WHAT IS NEEDED: Line for line, return the data exactly, omitting all pictures.

SUPPLIED DATA:
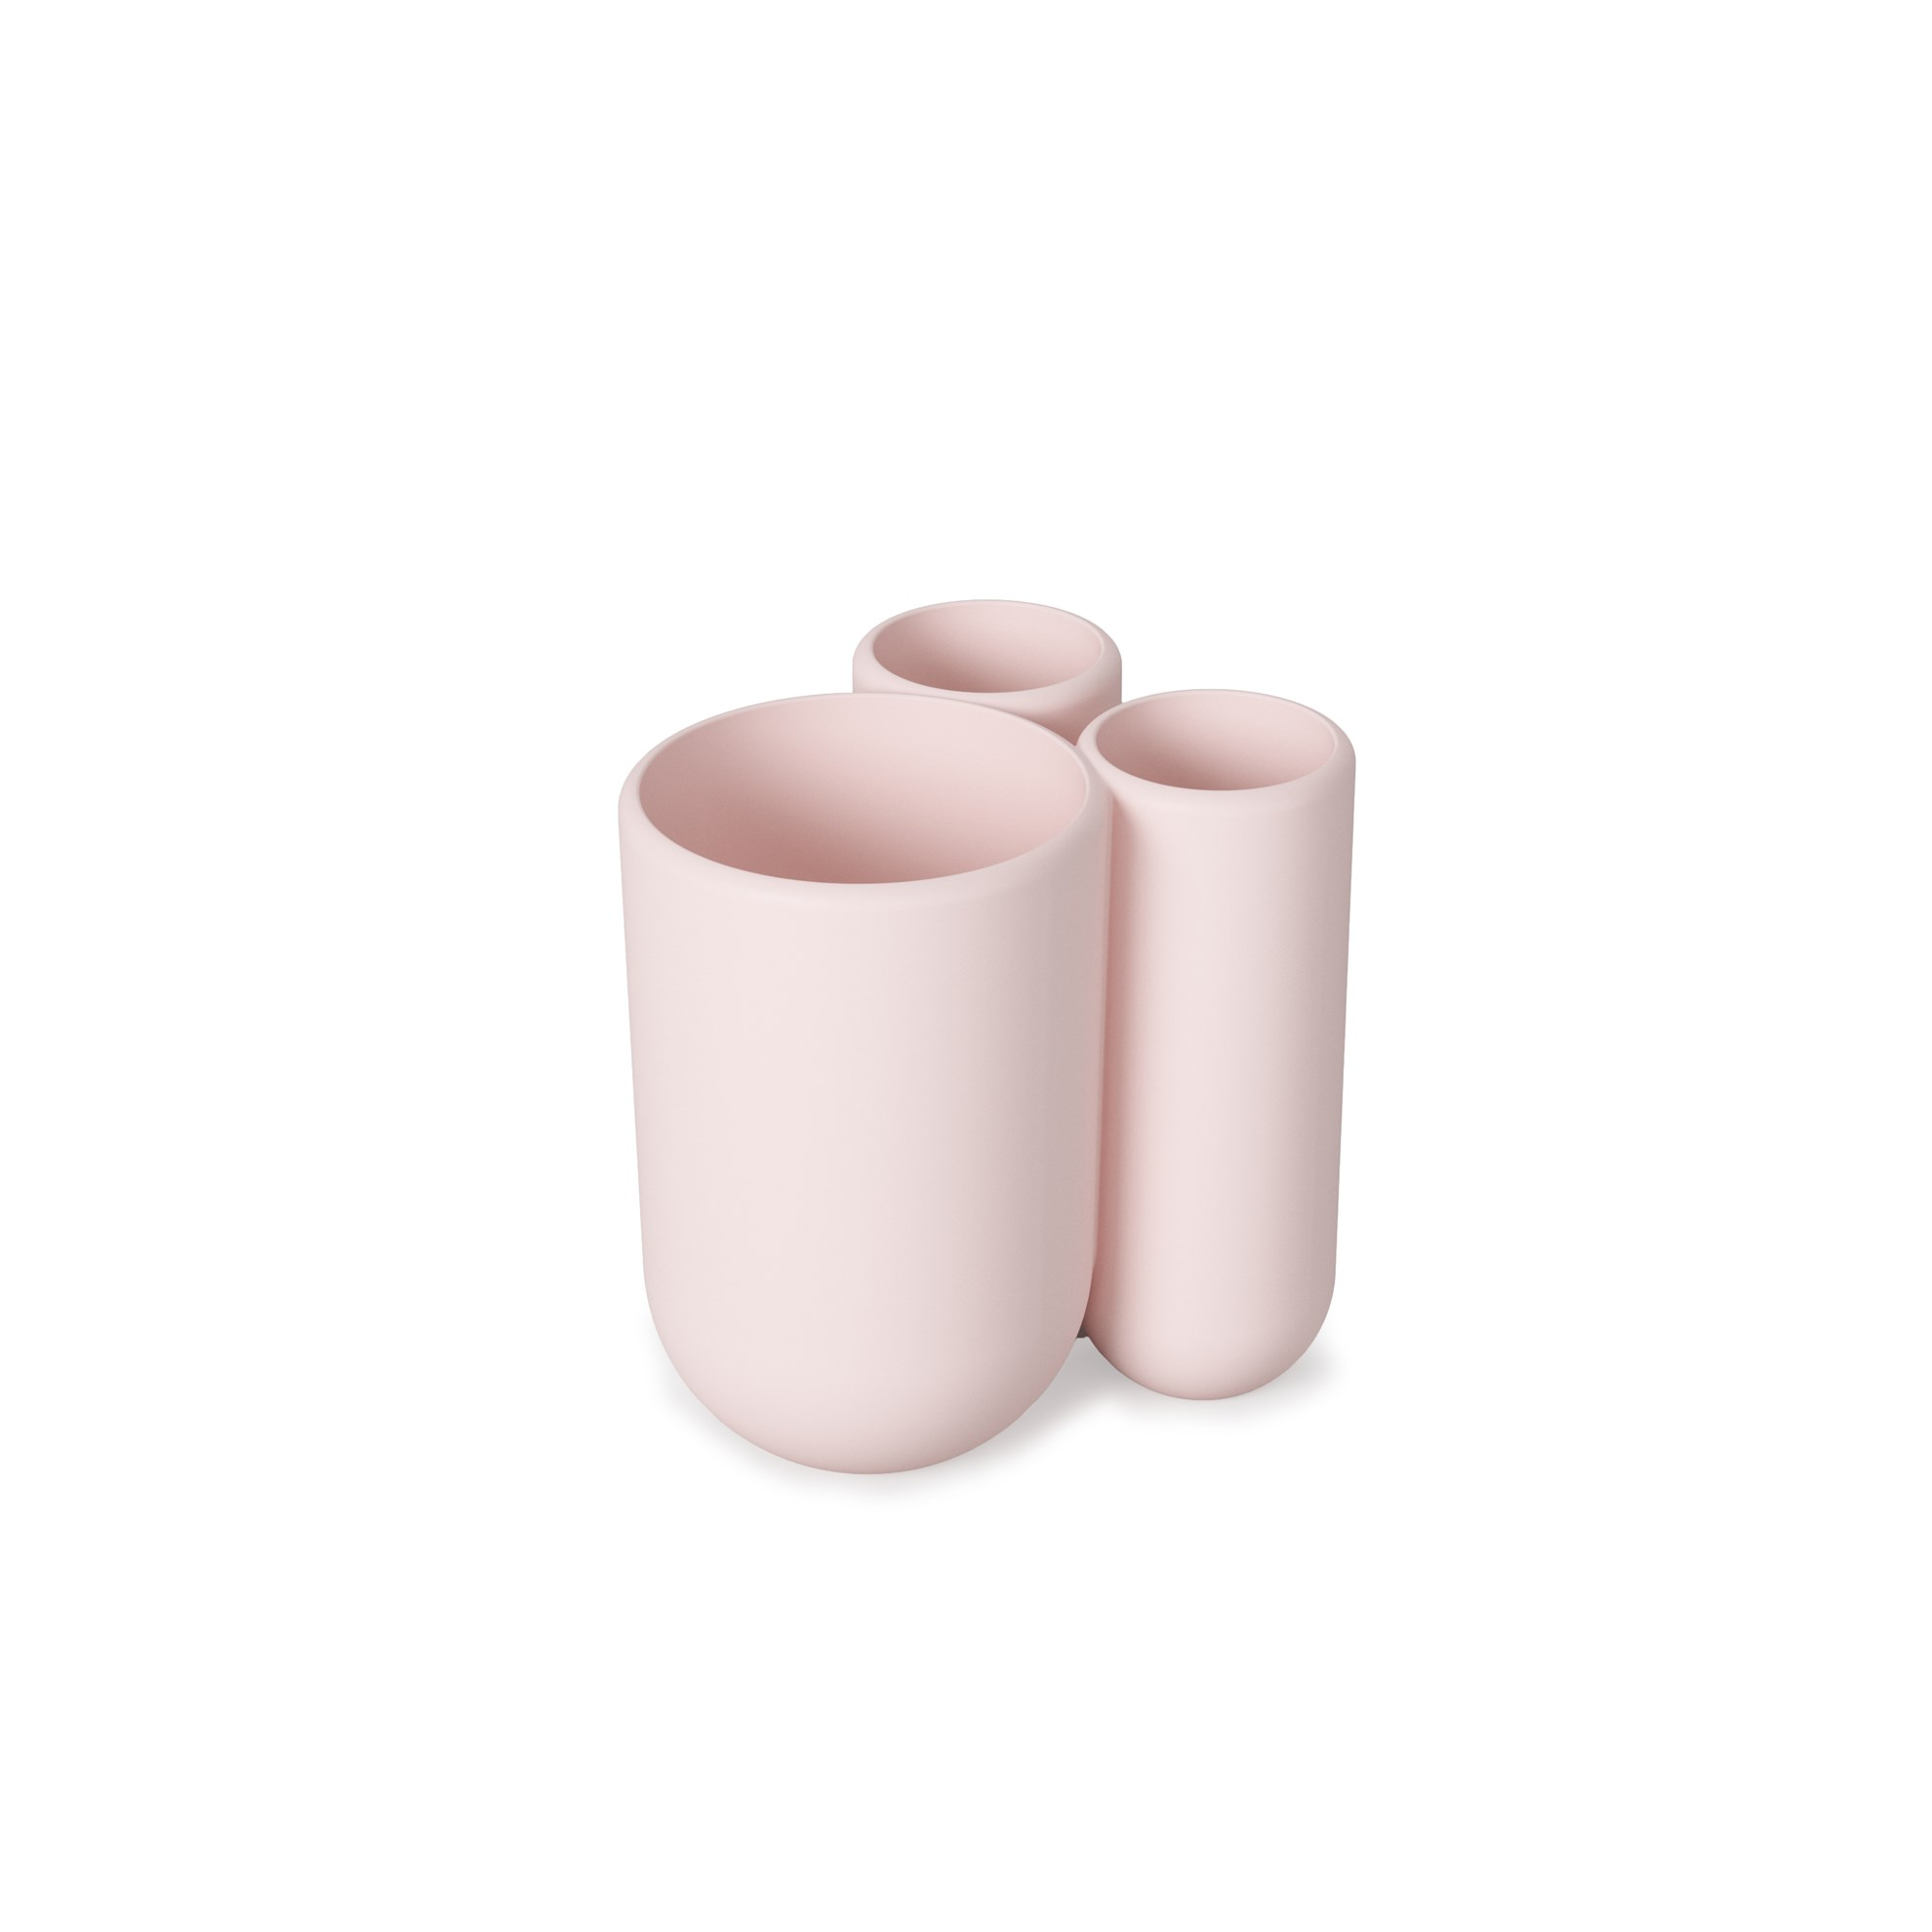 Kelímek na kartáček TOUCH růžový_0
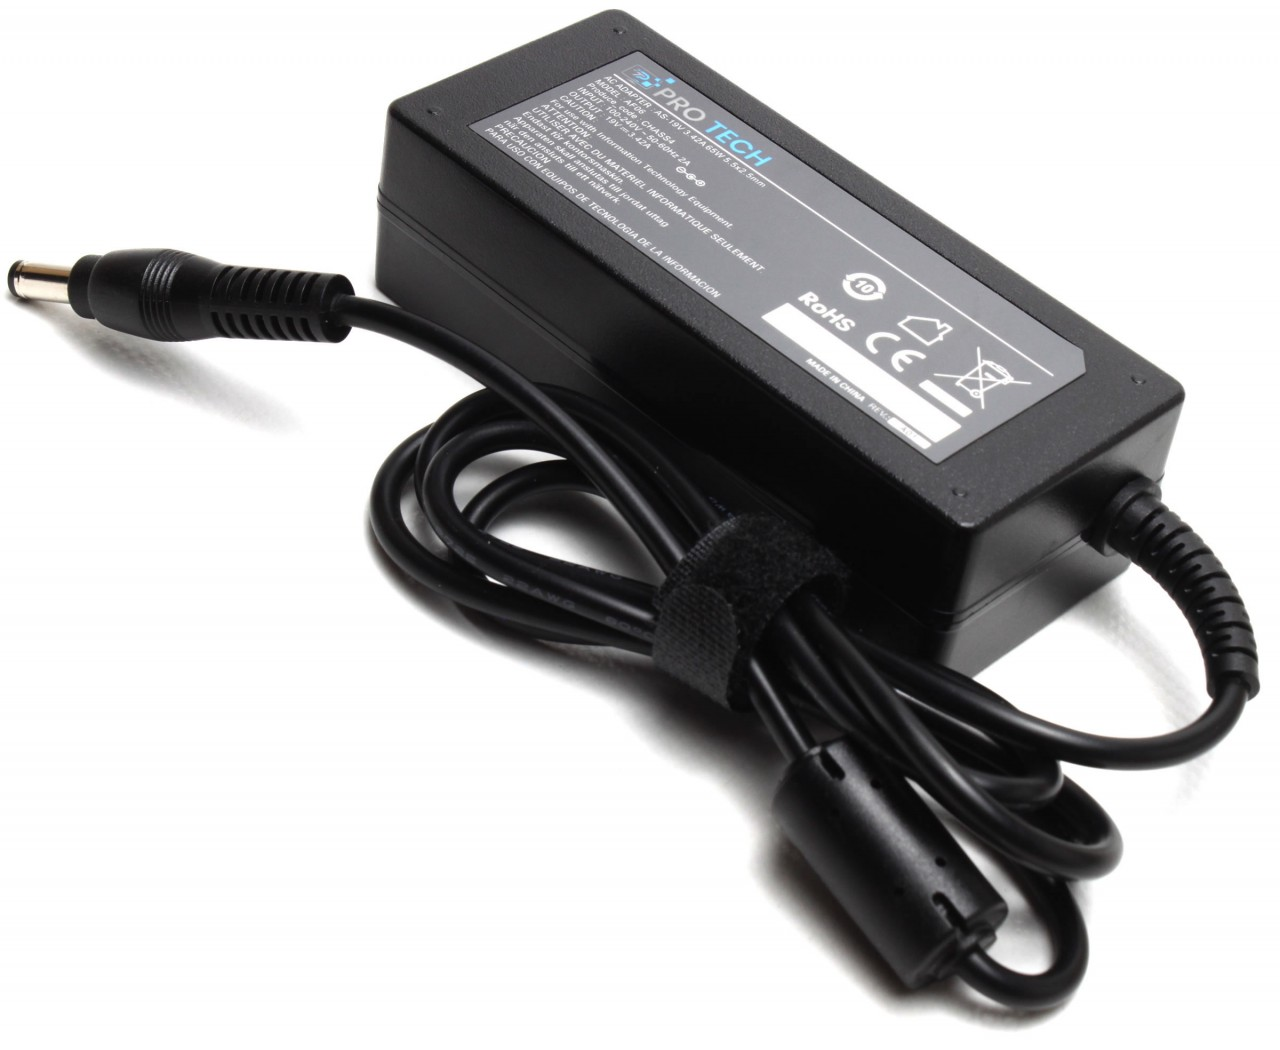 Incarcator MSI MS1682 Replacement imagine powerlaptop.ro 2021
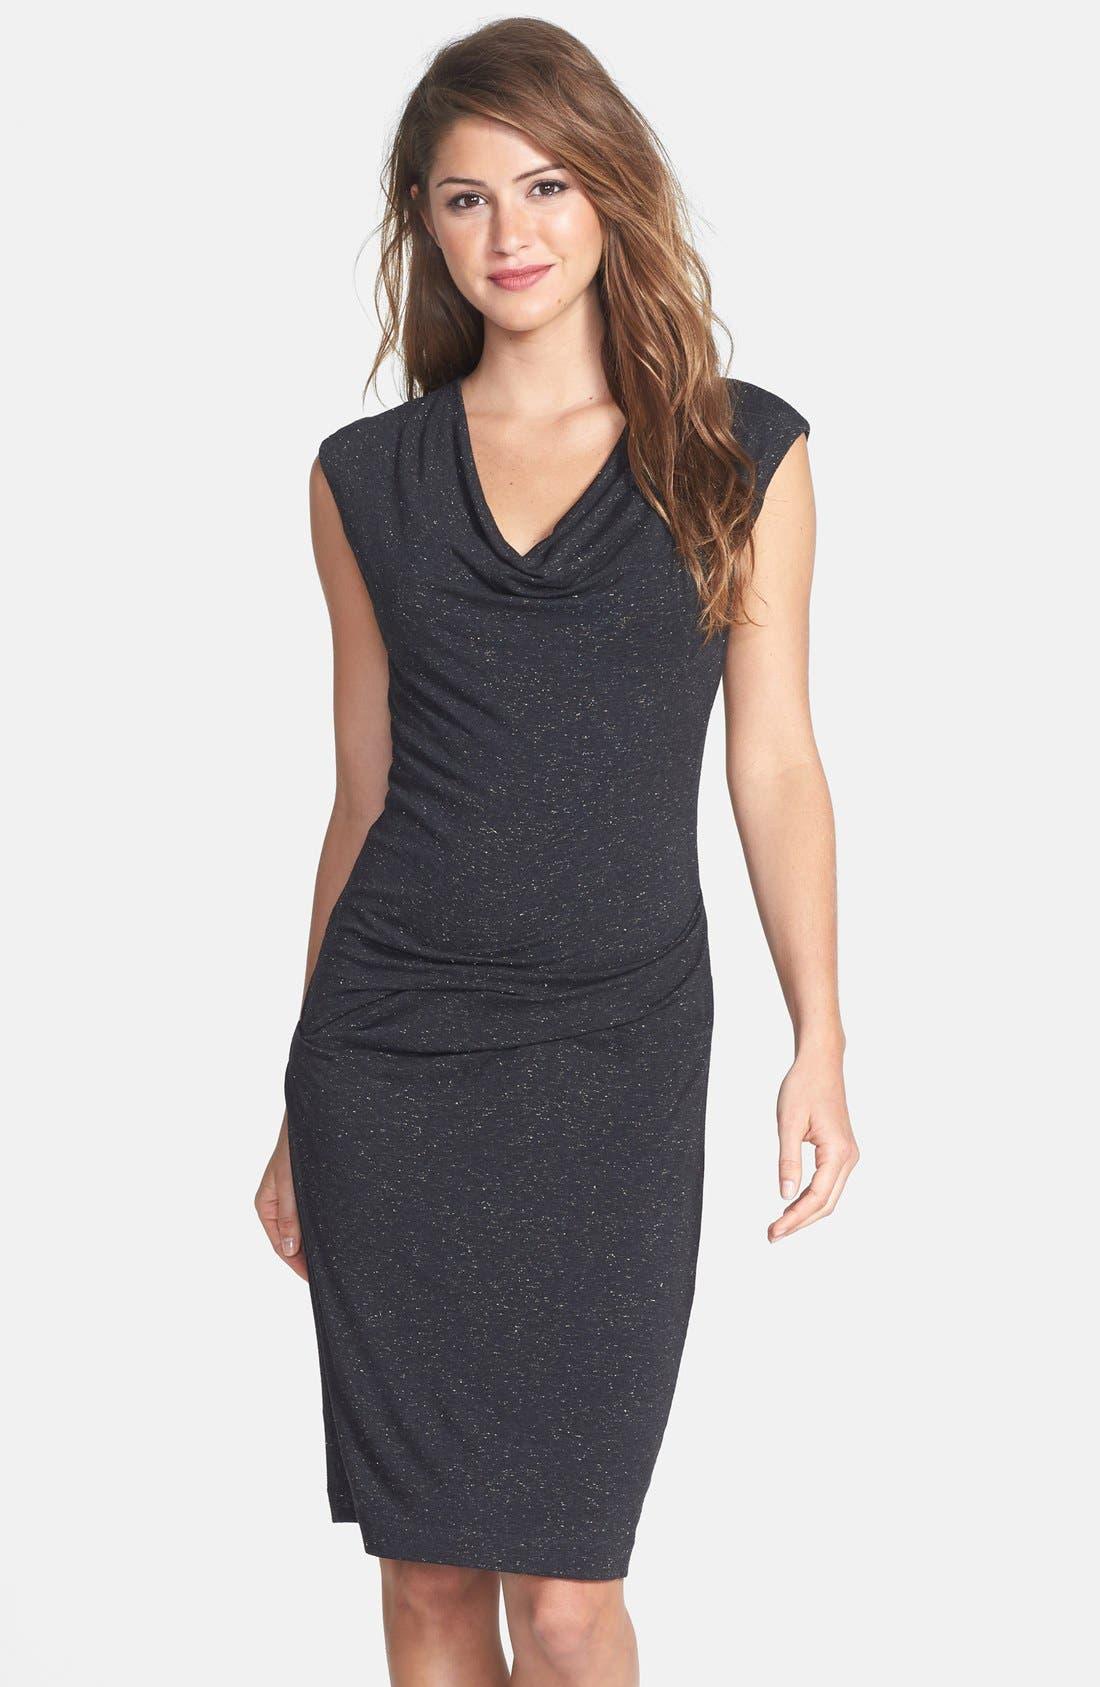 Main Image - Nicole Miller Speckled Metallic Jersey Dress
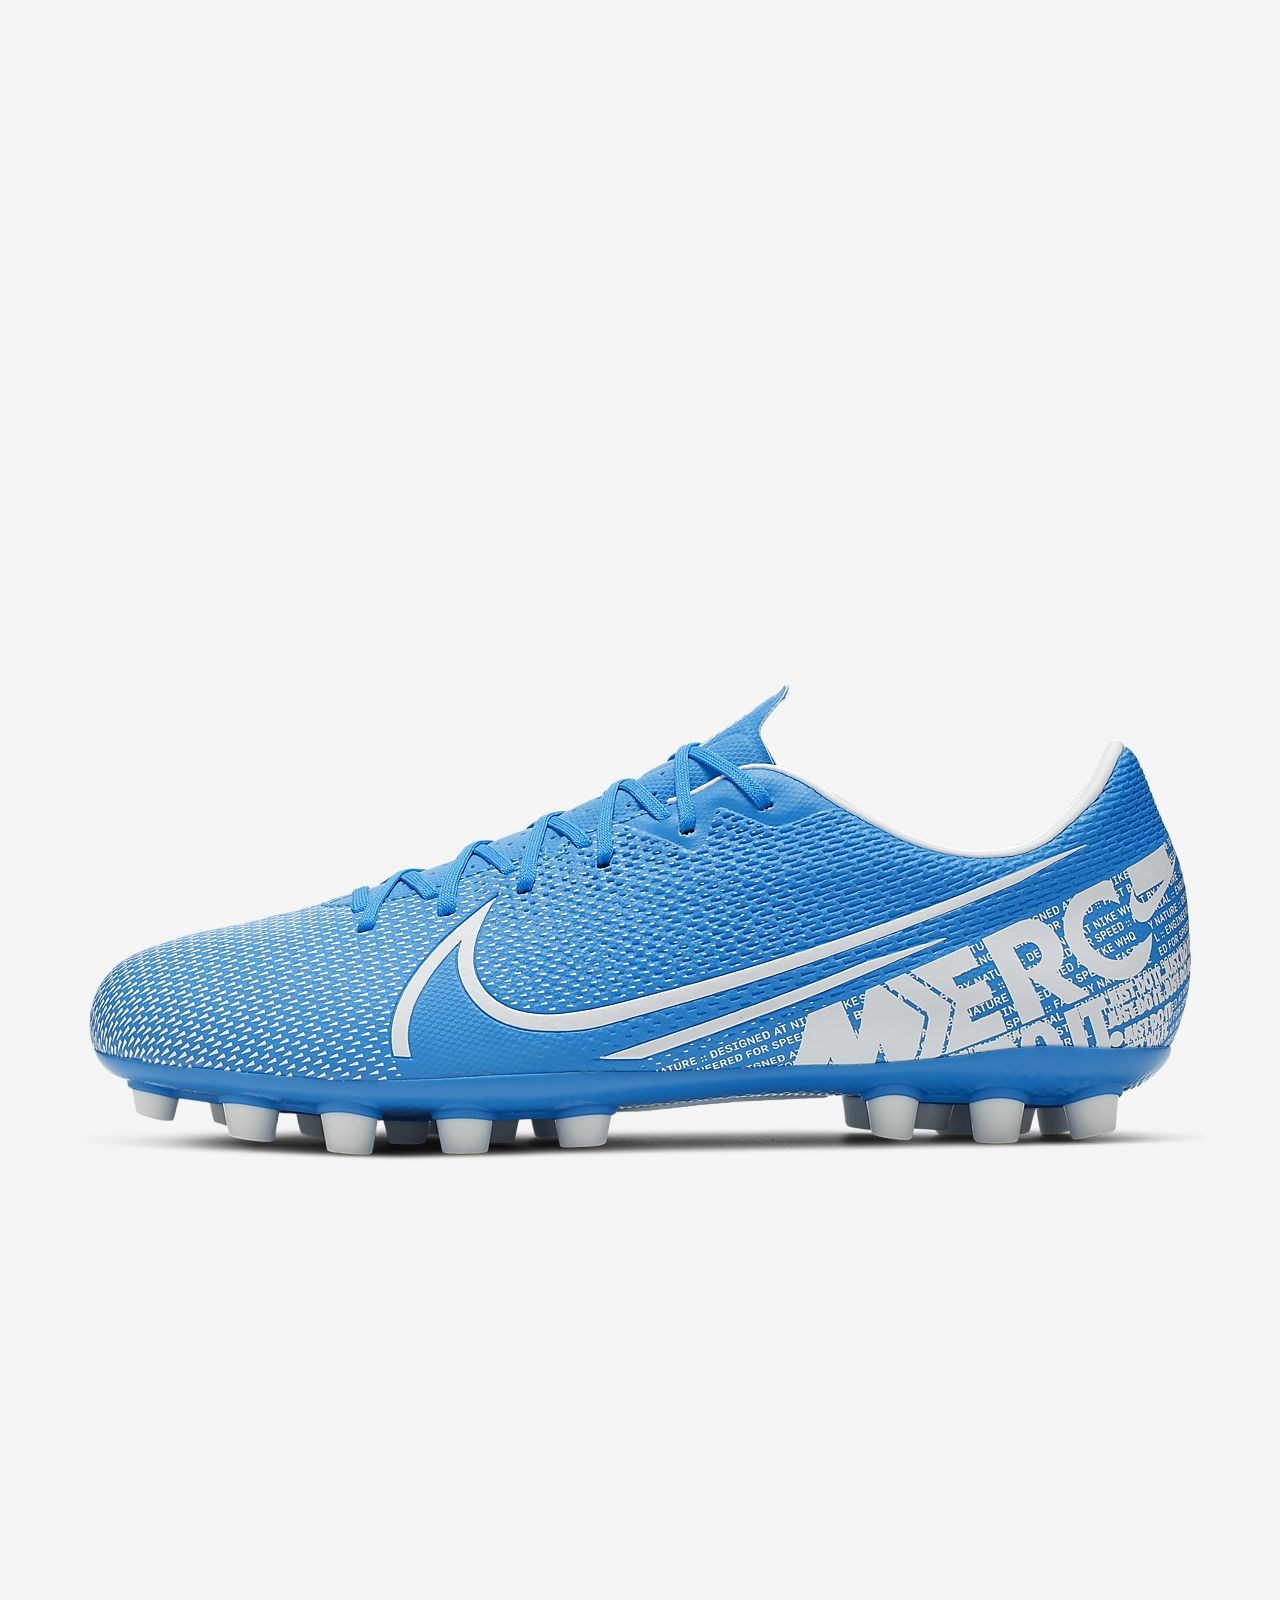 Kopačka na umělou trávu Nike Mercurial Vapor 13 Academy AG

SOLUTION TO THE PROBLEM:
 Kelímek na kartáček TOUCH růžový_0
 Incarcator MSI MS1682 Replacement imagine powerlaptop.ro 2021
 Main Image - Nicole Miller Speckled Metallic Jersey Dress
 Kopačka na umělou trávu Nike Mercurial Vapor 13 Academy AG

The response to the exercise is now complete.